I went running for the phone in the middle of the night trying to find someone awake for help, finally got someone, and my husband was so focused on what he was doing and felt that if he kept saying over and over and over that everything was going to be ok that it would be. So there I have someone I just woke up, they have no clue what's going on, I'm yelling for help and they hear my husband saying everything is ok, so they said glad all is ok now and went back to sleep. If things weren't so nuts I would have :croc: him


----------



## Missy (Nov 6, 2006)

Oh Jan! I am grinning from ear to ear (GFETE)!!!!


----------



## Scooter's Family (May 23, 2008)

How wonderful to see Macy a strong and healthy girl!!! Thank you for opening your heart and sharing the story of the twins with all of us, it's great to hear about the healing you and your DH have gone through. :hug:

The underbite photo is cute, I think it looks like a smile too!


----------



## JASHavanese (Apr 24, 2007)

marb42 said:


> Thanks for posting the thread, Jill. It was a heartbreaking and amazing story! Jan, the pictures are so so adorable. I can't believe that healthy beautiful pup is the same little twin who struggled 7 months ago. You and your DH did an amazing job with caring for her. Both Macy and her brother are so cute!
> Gina





marjrc said:


> Jan, how great to see Two/Macy in her new home and family! She's adorable! Hey, 6 pounds is great at 7 months. Way to go Two! :whoo: What is her brother's name? You can see his white teeth and I, too, think it's so endearing.
> 
> I work in a pet boutique too, but Ricky and Sammy are just too anxious there and Ricky marks over half the store! :frusty: Sadly, I can't bring them there very often or for very long. Macy and her older brother are lucky to spend their time in such a great environment! :biggrin1:


Macy's twin was the one who really struggled although Macy had her share of moments. Macy was a lot stronger and it was like she was determined to live for two. I think she still feels that way. Her mommy was asking me about when to spay her and I asked her to wait and give Macy all the hormones she could since she had a rough start and I'd like her to get all she can. Her poor mom, she's used to spaying early and if she waits she can't take Macy to work when she comes into heat. Hopefully she'll be one of those havs that doesn't come into heat until after 2. Knowing Macy she'll do it her own way.
They've both been raised in that shop so they learned as puppies what they could and couldn't do. Macy's brother is Brody from my first hav litter. 
Their mommy had to fly down to Florida and flew my hubby there to deliver Macy to her. She had already flown to Corpus a couple years ago and knew it wasn't a fun flight  If I would have been the one who delivered the puppy, I would have stayed in Florida for a week and checked into a motel and slept ound: Hubby came home with a big sack of toys from her that the dogs love.
She says she's seeing a lot of havs coming into her shop.
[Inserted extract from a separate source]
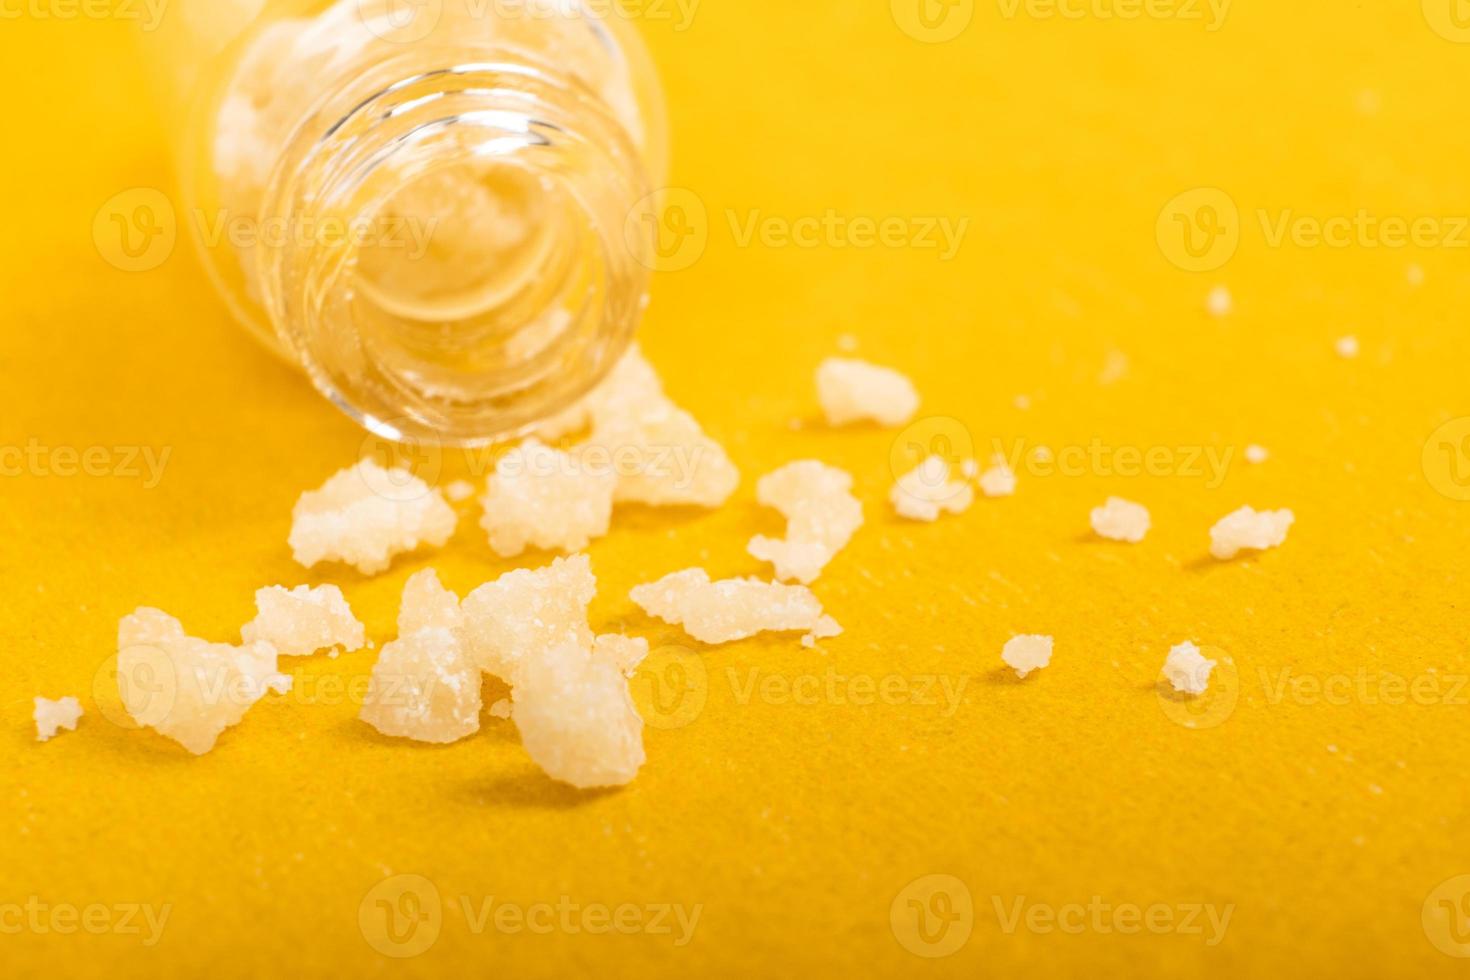 cristaux de sel narcotique amphétamine sur fond jaune photo

Wow, how cool is that?


----------



## Sissygirl (Aug 8, 2007)

Oh Jan, they are just so cute!!


----------



## rdanielle (Sep 2, 2008)

Aww, they're so precious! They look so sweet & comfy next to each other :biggrin1:


----------



## JASHavanese (Apr 24, 2007)

rdanielle said:


> Aww, they're so precious! They look so sweet & comfy next to each other :biggrin1:





Sissygirl said:


> Oh Jan, they are just so cute!!


Thanks  They're growing up to be so beautiful. When they were little puppies and the juice bar was there they had no problem knocking little Macy out of the way. It was each puppy for themselves when chow was involved. Little buggers.....but cute ones


----------